## INSTRUCTIONS FOR THE TASK
Where the listing below reaches the line containing "Hahnentrittveilchen (Erythronium dens-canis)", start writing out lines exactly, and stop once the line containing "A leaf cutter ant in a dutch zoo" has been written.

## PROVIDED ENTRIES

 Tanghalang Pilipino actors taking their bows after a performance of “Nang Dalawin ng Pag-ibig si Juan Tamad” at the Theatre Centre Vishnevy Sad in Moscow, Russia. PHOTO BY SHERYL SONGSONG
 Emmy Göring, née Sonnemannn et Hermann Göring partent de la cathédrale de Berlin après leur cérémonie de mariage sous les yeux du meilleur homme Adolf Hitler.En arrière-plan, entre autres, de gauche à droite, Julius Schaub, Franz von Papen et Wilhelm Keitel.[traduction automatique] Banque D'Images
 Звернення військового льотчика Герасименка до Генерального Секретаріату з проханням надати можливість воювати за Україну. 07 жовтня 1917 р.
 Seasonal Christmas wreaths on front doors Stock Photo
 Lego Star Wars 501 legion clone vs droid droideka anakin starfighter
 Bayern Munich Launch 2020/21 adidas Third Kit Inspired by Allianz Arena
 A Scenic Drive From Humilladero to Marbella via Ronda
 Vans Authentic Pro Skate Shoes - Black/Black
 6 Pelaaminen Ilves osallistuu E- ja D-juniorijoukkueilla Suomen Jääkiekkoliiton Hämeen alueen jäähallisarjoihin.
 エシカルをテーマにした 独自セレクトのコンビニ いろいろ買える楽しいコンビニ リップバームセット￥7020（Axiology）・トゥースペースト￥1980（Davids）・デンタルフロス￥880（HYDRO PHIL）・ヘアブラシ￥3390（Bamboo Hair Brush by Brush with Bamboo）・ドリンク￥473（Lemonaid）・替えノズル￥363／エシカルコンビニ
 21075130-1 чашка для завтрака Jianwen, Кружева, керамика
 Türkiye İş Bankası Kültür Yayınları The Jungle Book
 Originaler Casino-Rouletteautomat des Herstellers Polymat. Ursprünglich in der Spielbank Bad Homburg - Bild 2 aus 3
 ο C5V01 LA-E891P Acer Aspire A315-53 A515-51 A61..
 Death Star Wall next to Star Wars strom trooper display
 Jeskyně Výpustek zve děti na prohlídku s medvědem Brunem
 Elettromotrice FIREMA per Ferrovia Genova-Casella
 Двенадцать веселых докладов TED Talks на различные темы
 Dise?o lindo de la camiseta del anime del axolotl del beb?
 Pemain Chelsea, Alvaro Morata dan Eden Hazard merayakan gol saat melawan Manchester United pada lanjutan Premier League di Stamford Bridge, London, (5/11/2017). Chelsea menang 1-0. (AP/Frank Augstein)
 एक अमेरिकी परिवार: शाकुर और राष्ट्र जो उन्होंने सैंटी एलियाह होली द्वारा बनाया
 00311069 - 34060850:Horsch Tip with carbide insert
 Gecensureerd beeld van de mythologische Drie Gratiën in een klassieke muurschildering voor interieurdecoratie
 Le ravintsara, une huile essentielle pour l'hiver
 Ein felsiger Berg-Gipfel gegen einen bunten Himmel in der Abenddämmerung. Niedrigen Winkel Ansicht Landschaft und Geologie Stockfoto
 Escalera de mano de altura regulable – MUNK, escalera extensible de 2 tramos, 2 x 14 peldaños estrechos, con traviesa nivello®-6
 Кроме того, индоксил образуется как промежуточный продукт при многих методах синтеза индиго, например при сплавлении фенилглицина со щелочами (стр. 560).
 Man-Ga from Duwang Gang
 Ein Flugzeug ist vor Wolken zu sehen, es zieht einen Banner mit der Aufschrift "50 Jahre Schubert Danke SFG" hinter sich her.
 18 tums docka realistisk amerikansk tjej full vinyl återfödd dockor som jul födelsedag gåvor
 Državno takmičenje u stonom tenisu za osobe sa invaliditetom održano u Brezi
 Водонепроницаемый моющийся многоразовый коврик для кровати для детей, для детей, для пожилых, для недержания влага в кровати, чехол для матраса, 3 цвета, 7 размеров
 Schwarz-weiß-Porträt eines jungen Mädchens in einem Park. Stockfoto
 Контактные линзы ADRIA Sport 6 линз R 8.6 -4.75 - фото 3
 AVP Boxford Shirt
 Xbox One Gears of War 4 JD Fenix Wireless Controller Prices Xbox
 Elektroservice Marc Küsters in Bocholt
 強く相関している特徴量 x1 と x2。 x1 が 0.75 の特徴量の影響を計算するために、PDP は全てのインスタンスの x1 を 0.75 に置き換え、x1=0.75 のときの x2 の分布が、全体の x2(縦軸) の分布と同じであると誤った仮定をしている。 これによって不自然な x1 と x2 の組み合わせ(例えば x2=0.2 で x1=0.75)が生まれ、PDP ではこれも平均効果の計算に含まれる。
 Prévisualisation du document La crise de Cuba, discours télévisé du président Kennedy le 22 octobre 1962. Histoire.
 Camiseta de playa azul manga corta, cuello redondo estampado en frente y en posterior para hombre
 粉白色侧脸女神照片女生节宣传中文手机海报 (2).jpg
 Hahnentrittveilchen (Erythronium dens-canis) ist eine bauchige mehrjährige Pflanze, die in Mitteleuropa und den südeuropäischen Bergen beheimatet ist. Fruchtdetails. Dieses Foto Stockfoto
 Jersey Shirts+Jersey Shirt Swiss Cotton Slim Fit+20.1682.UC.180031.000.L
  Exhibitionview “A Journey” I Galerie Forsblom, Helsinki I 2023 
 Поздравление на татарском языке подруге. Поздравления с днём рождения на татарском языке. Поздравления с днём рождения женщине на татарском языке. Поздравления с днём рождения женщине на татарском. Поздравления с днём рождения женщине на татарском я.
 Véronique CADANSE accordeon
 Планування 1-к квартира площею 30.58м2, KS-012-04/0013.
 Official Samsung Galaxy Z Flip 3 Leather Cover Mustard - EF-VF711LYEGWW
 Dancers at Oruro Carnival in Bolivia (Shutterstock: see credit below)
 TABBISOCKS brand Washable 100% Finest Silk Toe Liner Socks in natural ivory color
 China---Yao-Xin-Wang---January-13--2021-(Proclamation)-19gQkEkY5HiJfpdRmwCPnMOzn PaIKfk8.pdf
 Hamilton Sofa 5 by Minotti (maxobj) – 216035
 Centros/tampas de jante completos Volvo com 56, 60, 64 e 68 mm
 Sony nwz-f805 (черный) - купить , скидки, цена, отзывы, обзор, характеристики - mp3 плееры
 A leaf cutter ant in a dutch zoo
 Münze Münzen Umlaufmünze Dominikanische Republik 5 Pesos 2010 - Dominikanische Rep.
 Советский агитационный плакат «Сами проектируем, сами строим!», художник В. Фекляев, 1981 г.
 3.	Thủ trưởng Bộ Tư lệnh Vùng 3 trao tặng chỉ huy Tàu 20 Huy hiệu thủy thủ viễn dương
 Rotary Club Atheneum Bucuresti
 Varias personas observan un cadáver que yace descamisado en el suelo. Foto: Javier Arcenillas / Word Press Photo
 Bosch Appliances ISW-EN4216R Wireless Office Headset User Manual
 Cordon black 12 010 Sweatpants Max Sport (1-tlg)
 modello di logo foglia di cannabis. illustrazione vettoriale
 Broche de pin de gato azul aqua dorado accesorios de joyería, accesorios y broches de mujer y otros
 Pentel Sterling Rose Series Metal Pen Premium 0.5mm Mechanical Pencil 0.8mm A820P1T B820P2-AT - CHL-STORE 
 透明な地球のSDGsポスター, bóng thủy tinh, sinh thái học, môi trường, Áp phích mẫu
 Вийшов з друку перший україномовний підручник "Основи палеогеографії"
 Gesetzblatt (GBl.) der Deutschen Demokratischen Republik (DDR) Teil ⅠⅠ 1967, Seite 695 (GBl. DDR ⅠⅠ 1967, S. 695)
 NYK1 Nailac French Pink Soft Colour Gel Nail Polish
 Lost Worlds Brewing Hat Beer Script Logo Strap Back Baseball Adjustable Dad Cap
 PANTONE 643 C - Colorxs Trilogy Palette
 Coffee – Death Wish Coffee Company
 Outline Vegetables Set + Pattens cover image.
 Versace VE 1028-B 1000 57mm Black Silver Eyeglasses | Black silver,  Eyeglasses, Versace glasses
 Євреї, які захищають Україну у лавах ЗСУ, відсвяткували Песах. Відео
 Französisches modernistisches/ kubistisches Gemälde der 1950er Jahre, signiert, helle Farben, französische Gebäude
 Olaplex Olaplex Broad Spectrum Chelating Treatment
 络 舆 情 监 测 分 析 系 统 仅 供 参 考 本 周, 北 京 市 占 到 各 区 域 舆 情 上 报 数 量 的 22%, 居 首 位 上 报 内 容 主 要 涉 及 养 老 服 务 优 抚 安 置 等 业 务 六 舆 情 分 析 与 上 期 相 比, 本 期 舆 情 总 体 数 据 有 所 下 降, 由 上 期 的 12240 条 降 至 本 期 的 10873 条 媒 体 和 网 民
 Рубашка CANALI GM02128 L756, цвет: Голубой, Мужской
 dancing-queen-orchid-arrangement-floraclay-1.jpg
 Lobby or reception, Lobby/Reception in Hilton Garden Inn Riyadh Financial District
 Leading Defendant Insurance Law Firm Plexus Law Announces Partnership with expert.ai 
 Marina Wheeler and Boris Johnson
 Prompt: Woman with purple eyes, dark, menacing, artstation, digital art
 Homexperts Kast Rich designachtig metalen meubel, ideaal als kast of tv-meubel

## RESULT FOR THIS EXERCISE
 Hahnentrittveilchen (Erythronium dens-canis) ist eine bauchige mehrjährige Pflanze, die in Mitteleuropa und den südeuropäischen Bergen beheimatet ist. Fruchtdetails. Dieses Foto Stockfoto
 Jersey Shirts+Jersey Shirt Swiss Cotton Slim Fit+20.1682.UC.180031.000.L
  Exhibitionview “A Journey” I Galerie Forsblom, Helsinki I 2023 
 Поздравление на татарском языке подруге. Поздравления с днём рождения на татарском языке. Поздравления с днём рождения женщине на татарском языке. Поздравления с днём рождения женщине на татарском. Поздравления с днём рождения женщине на татарском я.
 Véronique CADANSE accordeon
 Планування 1-к квартира площею 30.58м2, KS-012-04/0013.
 Official Samsung Galaxy Z Flip 3 Leather Cover Mustard - EF-VF711LYEGWW
 Dancers at Oruro Carnival in Bolivia (Shutterstock: see credit below)
 TABBISOCKS brand Washable 100% Finest Silk Toe Liner Socks in natural ivory color
 China---Yao-Xin-Wang---January-13--2021-(Proclamation)-19gQkEkY5HiJfpdRmwCPnMOzn PaIKfk8.pdf
 Hamilton Sofa 5 by Minotti (maxobj) – 216035
 Centros/tampas de jante completos Volvo com 56, 60, 64 e 68 mm
 Sony nwz-f805 (черный) - купить , скидки, цена, отзывы, обзор, характеристики - mp3 плееры
 A leaf cutter ant in a dutch zoo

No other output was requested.